The occupant had arrived on US soil at Roswell, New Mexico on July 7th, 1947. He (although it had no discernible gender, 1950s American attitudes pretty much dictated the masculine epithet) had unceremoniously created a 500 ft wide crater in a thinly populated area, scared a few farmers and provided the raw material for decades of conspiracy theories. He had even been named: Billy Joe. This was in honor of the half-drunk old guy who'd come "for a look-see" about an hour after impact. The military response had been swift, a cordon was in place, but no one could prevent him seeing the figure standing in the wreckage. The old man had taken one look at the giant gray creature, spat on the dirt and stumped away, calling back over his shoulder, "Only came up to see Billy Joe, and that sure as hell ain't him." One of the soldiers raised his weapon as the drunk walked away, but an officer put his hand on the barrel and pushed it toward the ground.

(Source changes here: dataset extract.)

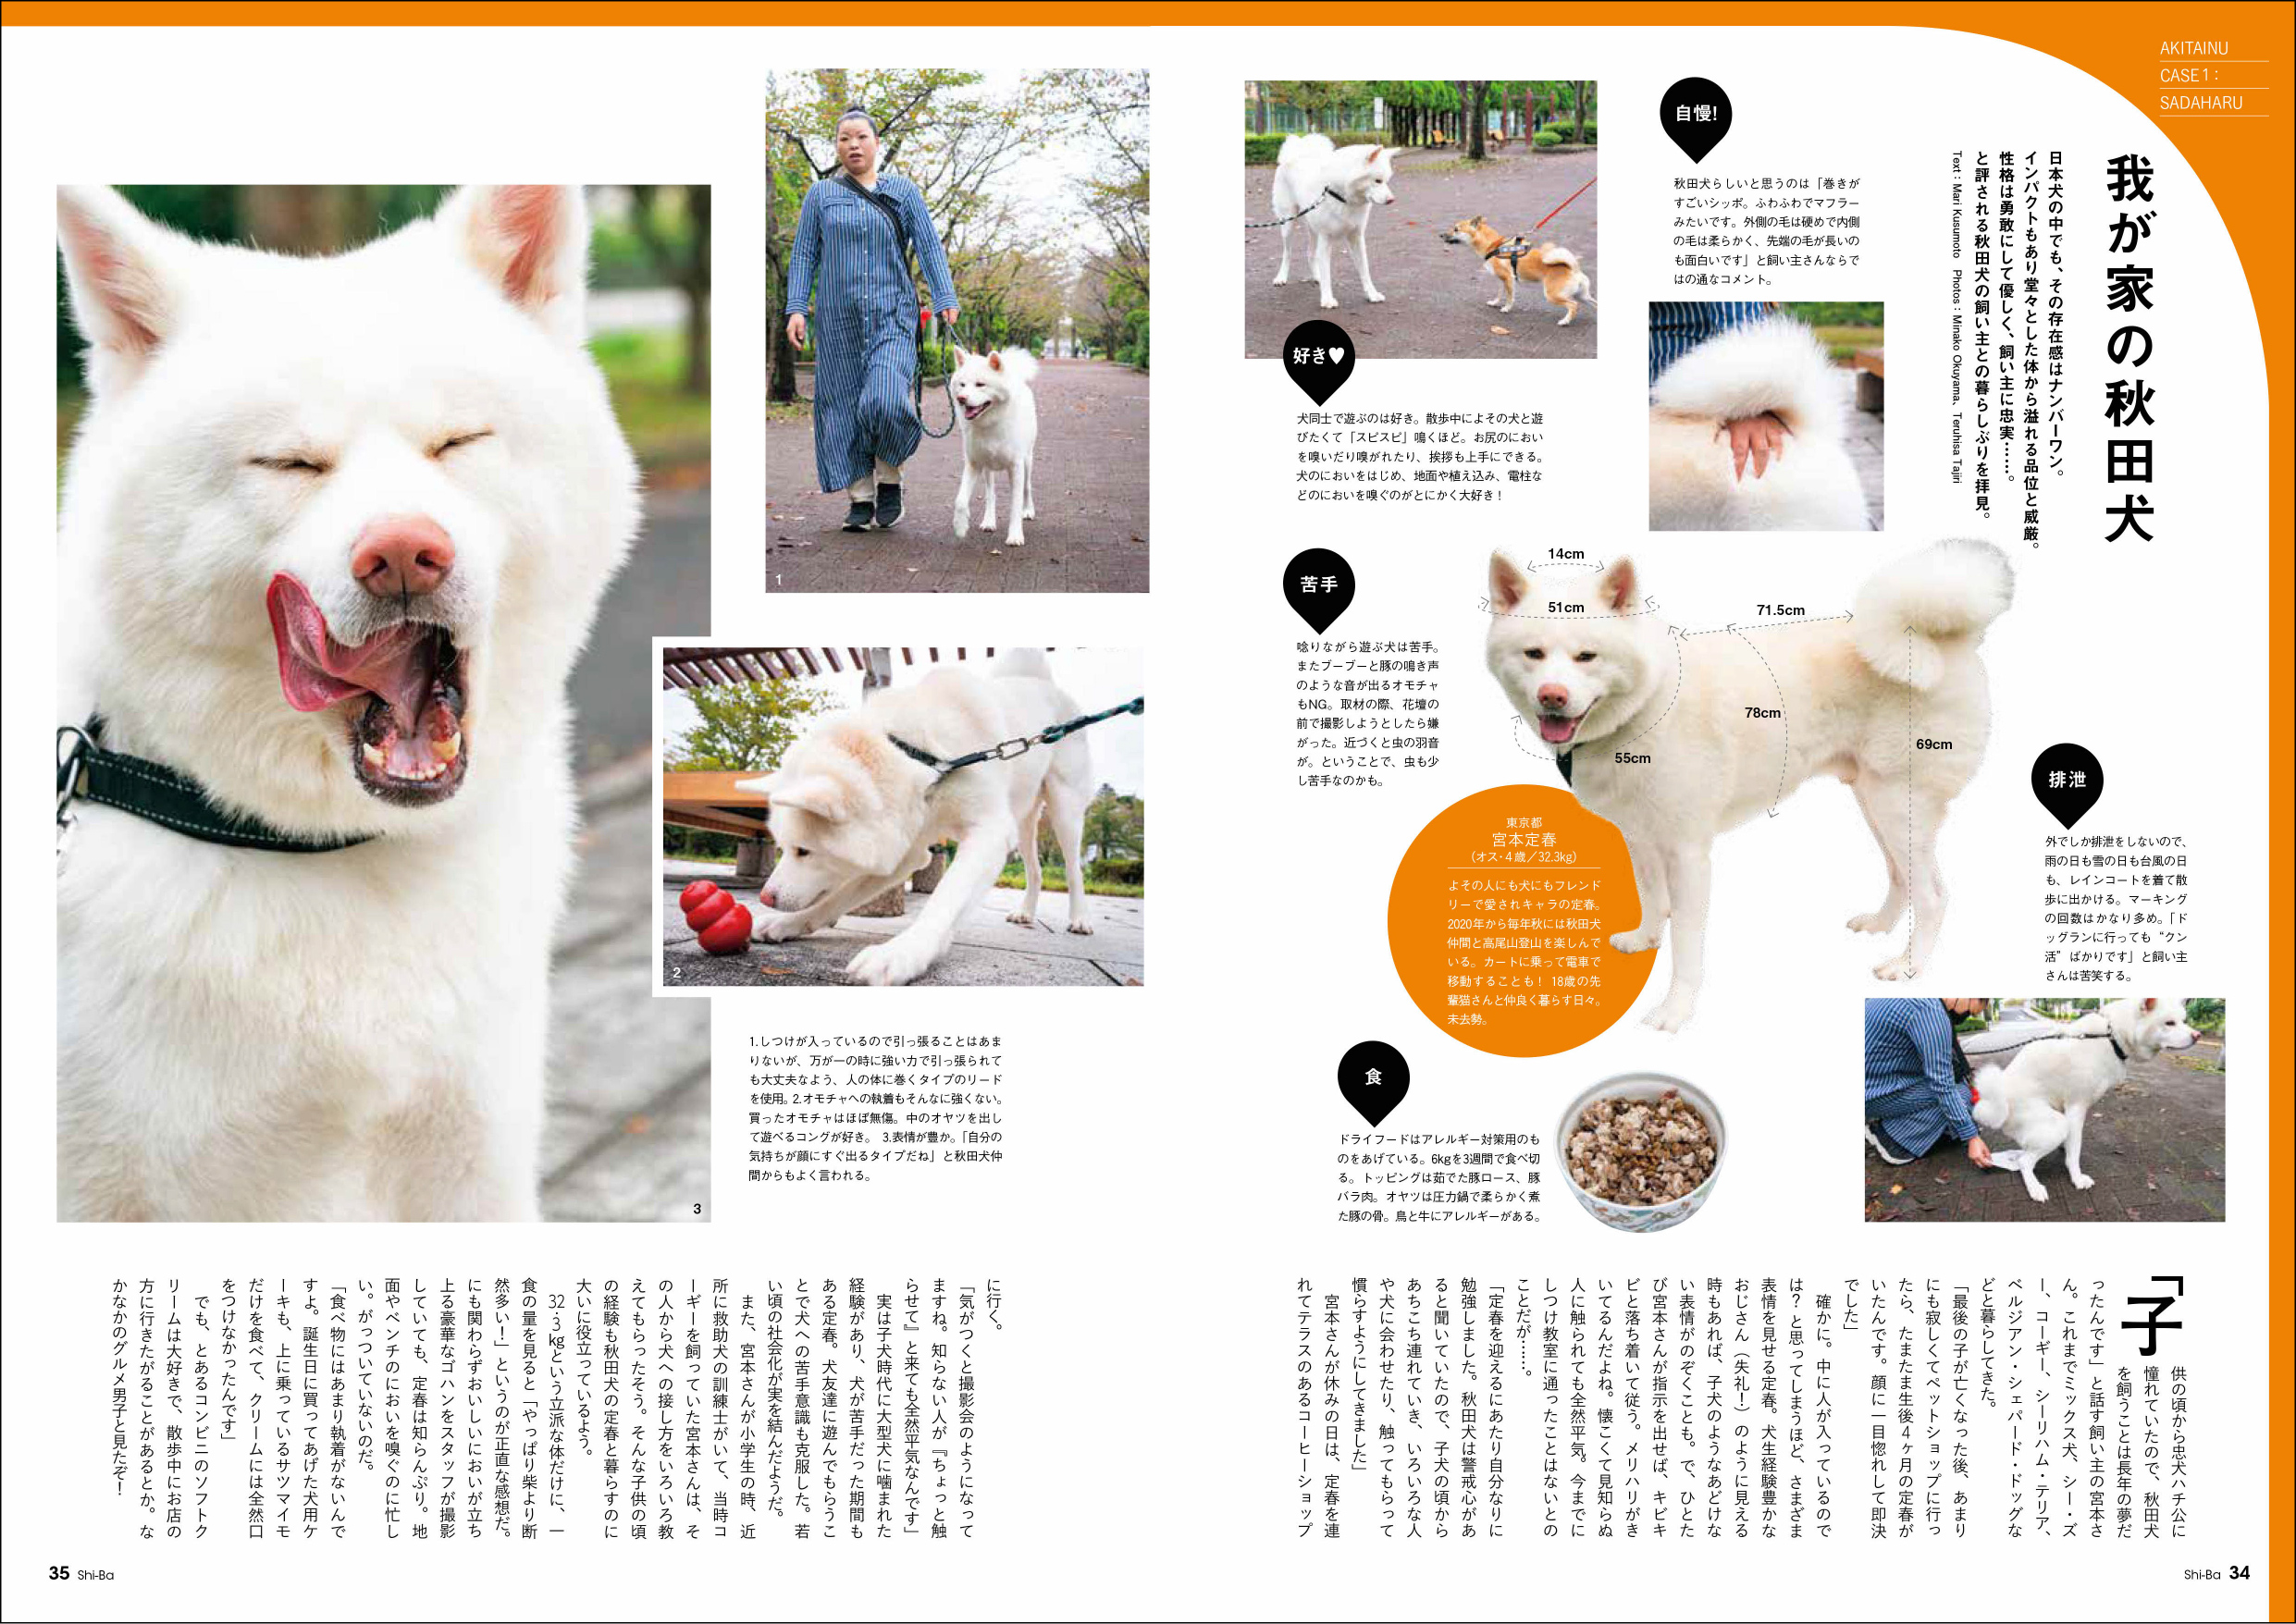 『Shi-Ba』可愛らしい「秋田犬」特集の画像

"Let him tell his story, son," he said. "Couldn't wish for a better witness."
A thousand accounts of what had occurred that night sprang up in the years following the incident. The story got some attention at first based on the evidence of a number of reliable witnesses who had seen lights in the sky or heard the shriek of tearing metal as something big tore into the New Mexico desert. But the lack of any material evidence ensured the story was never given much scrutiny. If something had crashed, where was the wreckage? Even if the US government had somehow pulled off the fastest, most thorough cleanup operation in modern history, some fragment would have remained, some tiny piece overlooked. But nothing ever came to light, and years of alien-hunters with magnifying glasses, metal detectors, and increasingly complex technological equipment had failed to turn up any evidence.